At the Basel Museum Night 2006, Jan Christensen, who was born in 1977 in Copenhagen and lives and works in Berlin, exhibited his installation Exit Basel, with its illuminated sign, in an outdoor setting at Kunsthaus Baselland in anticipation of his first solo show in an art center. After obtaining a scholarship from The Pollock-Krasner Foundation Inc. in New York, the Ingrid Lindbäck Langaard Foundation in Oslo, as well as his artist-in-residence periods at the Irish Museum of Modern Art in Dublin und FRAC des Pays de la Loire in Nantes, Kunsthaus Baselland now puts on the first comprehensive show devoted to this artist entitled Forward Momentum.

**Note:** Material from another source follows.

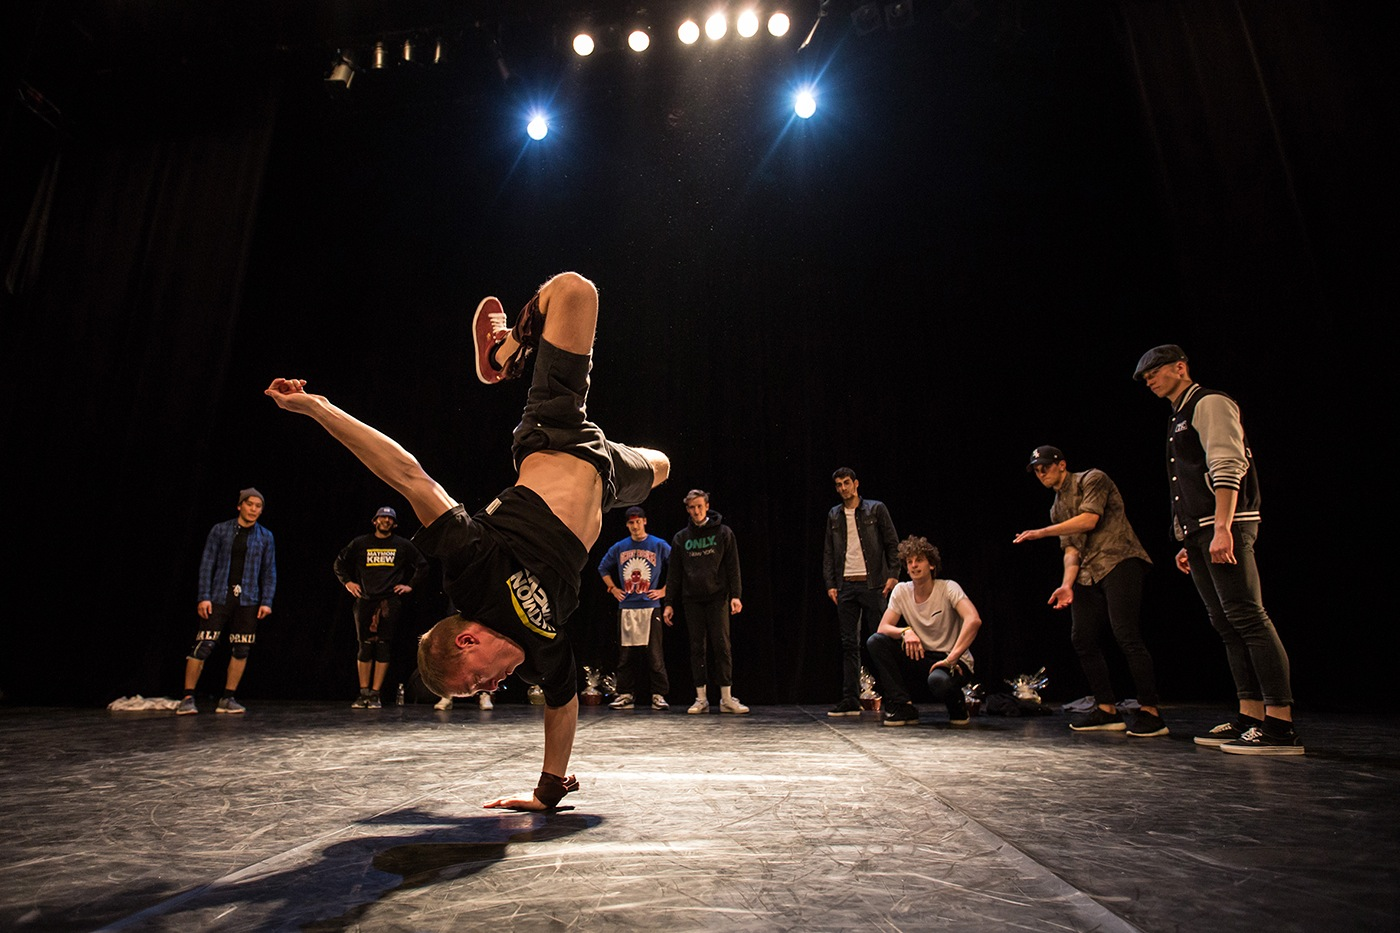 photographe-reportage-danse-avec-ton-crous-guillaume-heraud-039-small

The salient feature of Jan Christensen’s oeuvre is its extraordinary approach to art-making. Both humorously and intelligently, the artist deconstructs individual elements pertaining to art production, renders them autonomous, and transforms them into the actual work. More Titles For Which I Don’t Know What To Make, for example, is a mural painting generated from various notes for titles of his works. Oversized and painted onto the wall in different typefaces, the list of potential titles becomes a picture in itself. Painting Myself into a Corner is the artist’s way of psychologically coping with the feeling of being pushed into an awkward situation. It may be construed both as a personal and a general statement on the position of art or painting.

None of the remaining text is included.